What to work on -> Among the entries below, only the lines from the one with "THREE HARDBACK ART" through the one with "This year’s attendance" are to be retyped, exactly and without pictures.

Given records ->
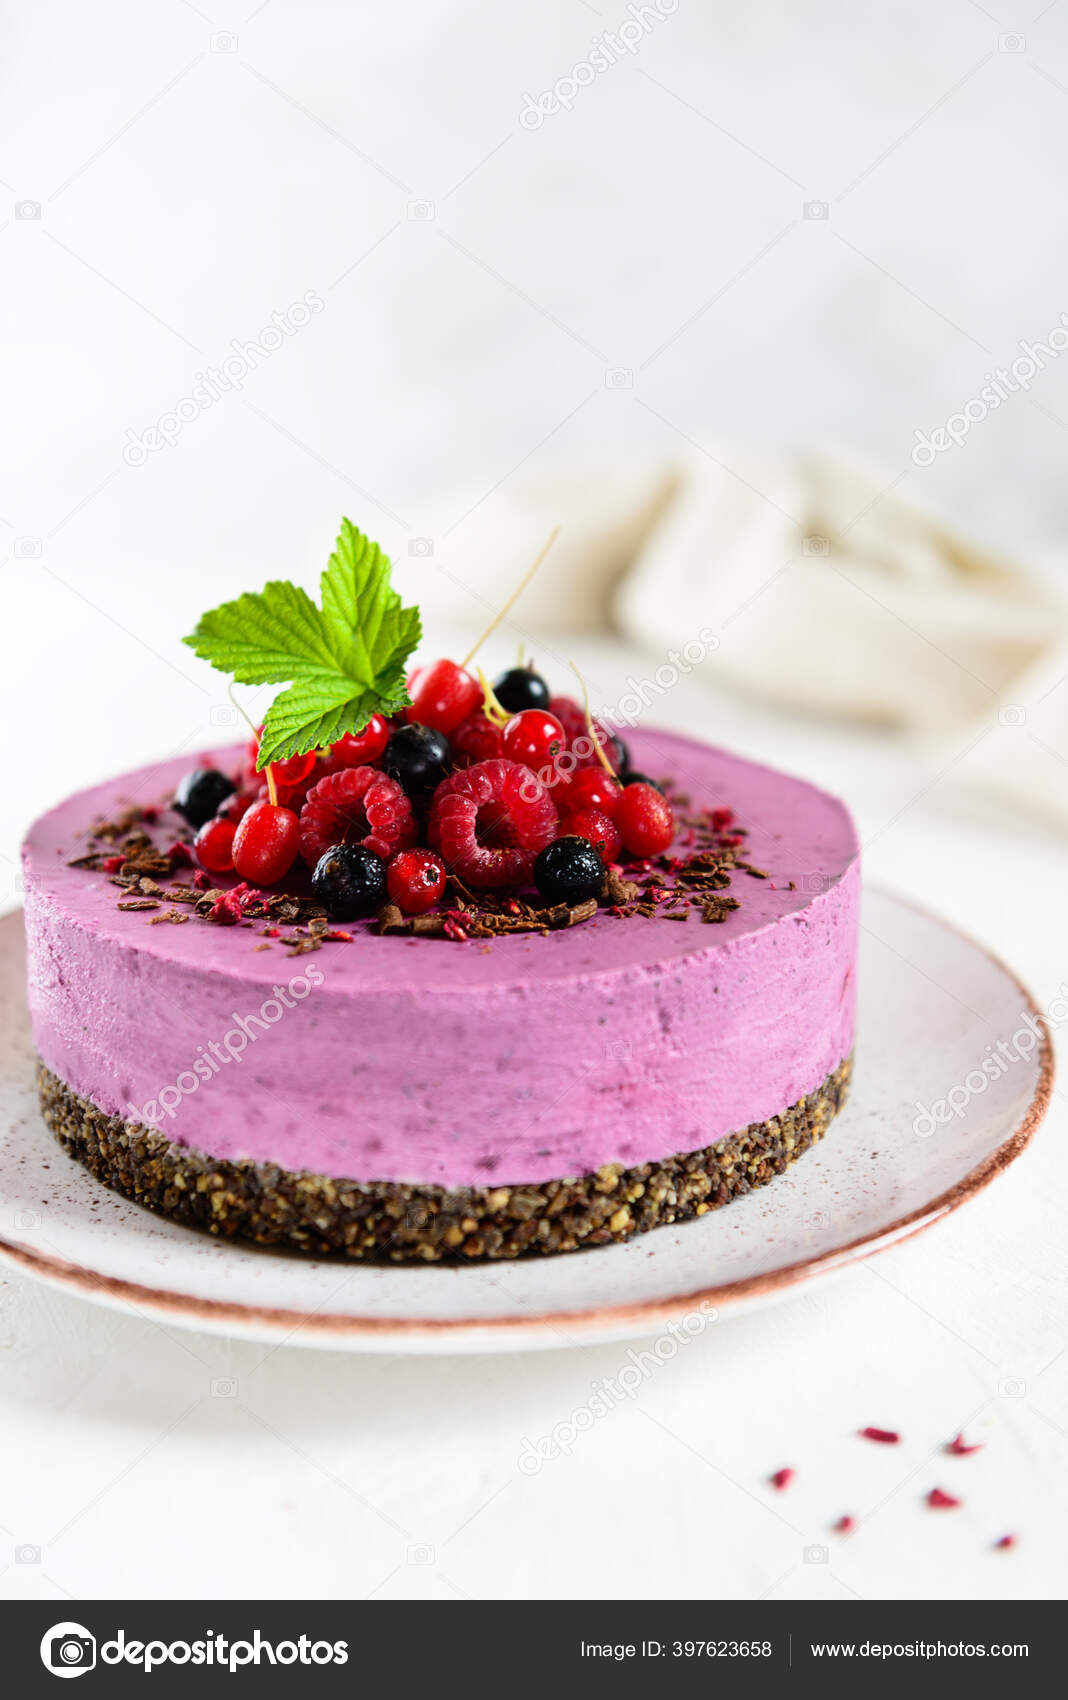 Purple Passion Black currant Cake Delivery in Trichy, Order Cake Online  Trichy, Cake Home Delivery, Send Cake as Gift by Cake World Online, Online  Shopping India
* * *
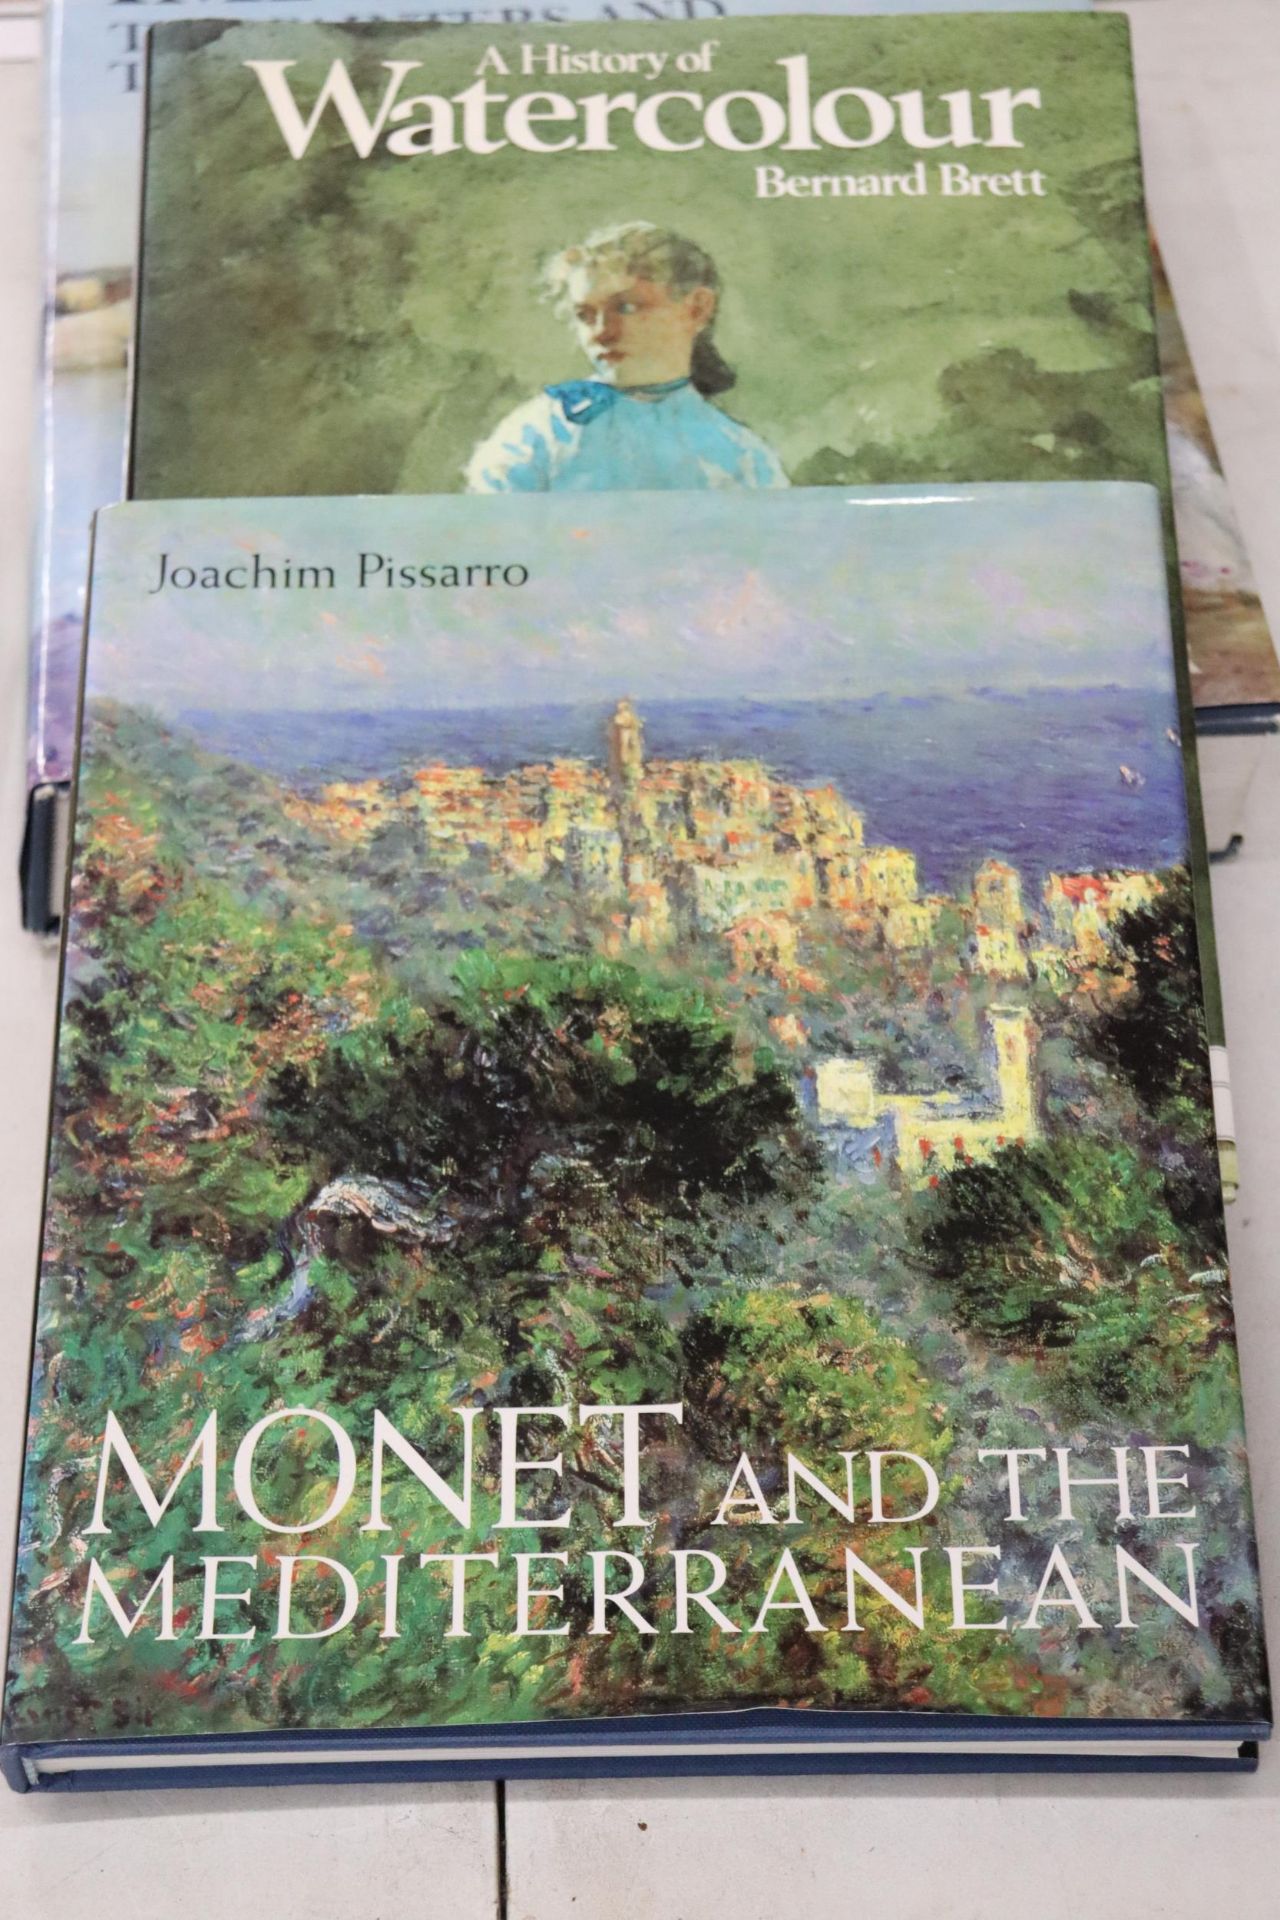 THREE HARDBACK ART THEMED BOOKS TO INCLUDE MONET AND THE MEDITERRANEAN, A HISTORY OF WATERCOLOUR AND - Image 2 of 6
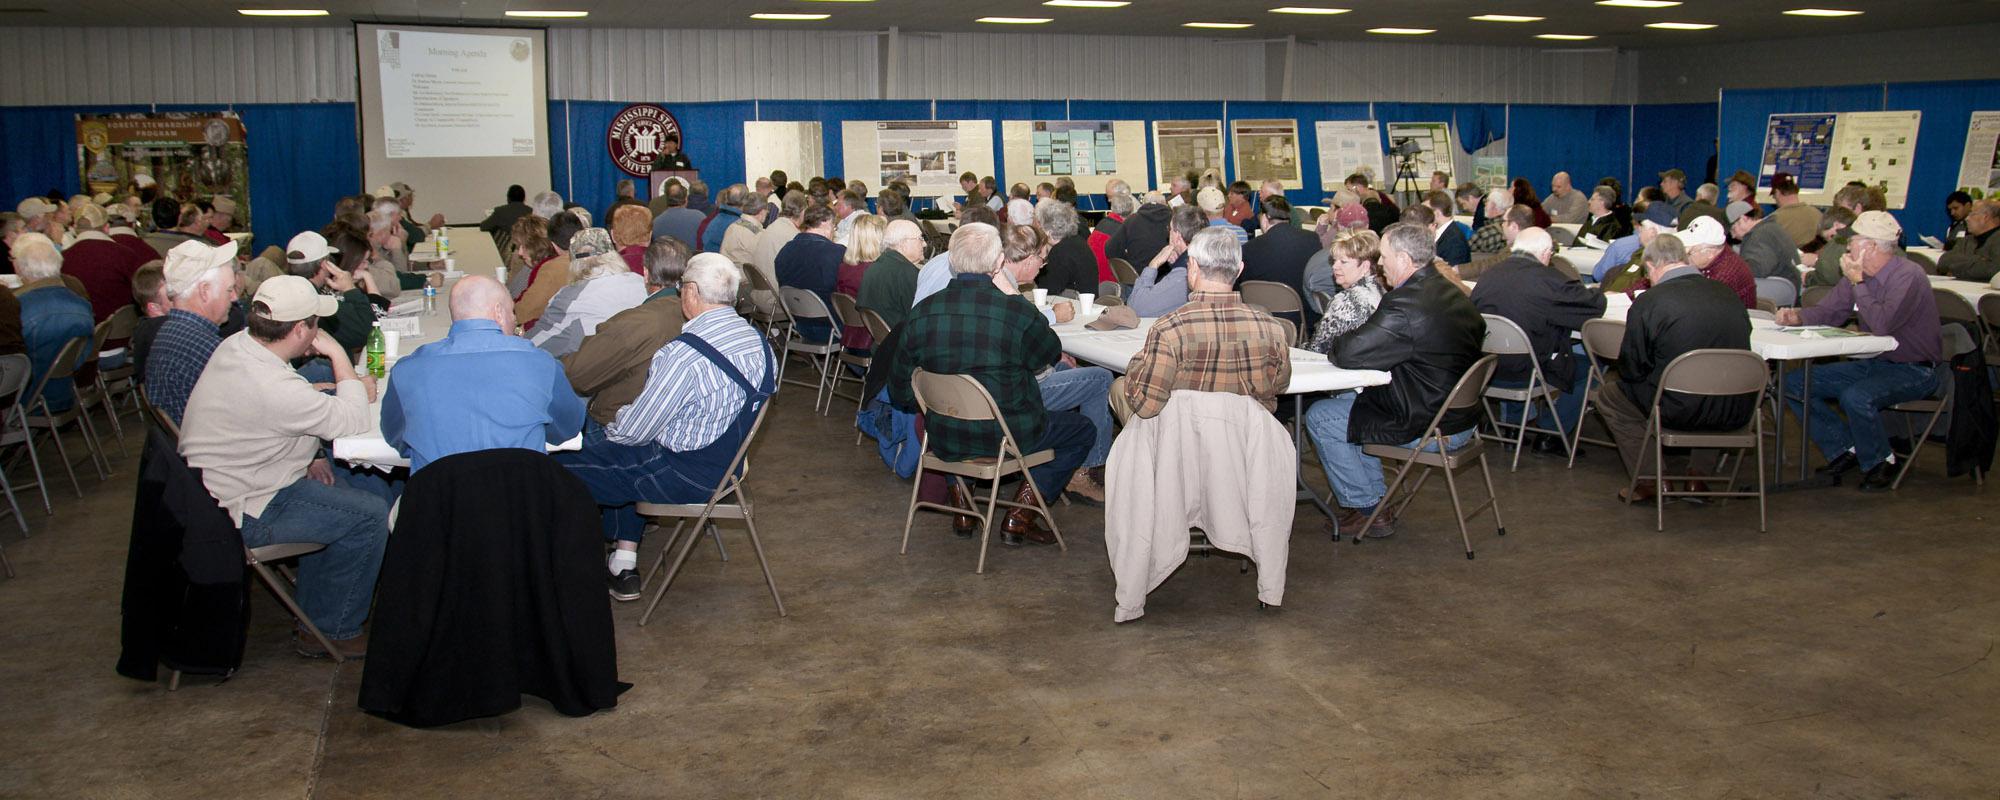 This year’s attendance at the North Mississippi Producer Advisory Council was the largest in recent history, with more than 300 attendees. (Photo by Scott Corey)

Solution ->
 THREE HARDBACK ART THEMED BOOKS TO INCLUDE MONET AND THE MEDITERRANEAN, A HISTORY OF WATERCOLOUR AND - Image 2 of 6
 This year’s attendance at the North Mississippi Producer Advisory Council was the largest in recent history, with more than 300 attendees. (Photo by Scott Corey)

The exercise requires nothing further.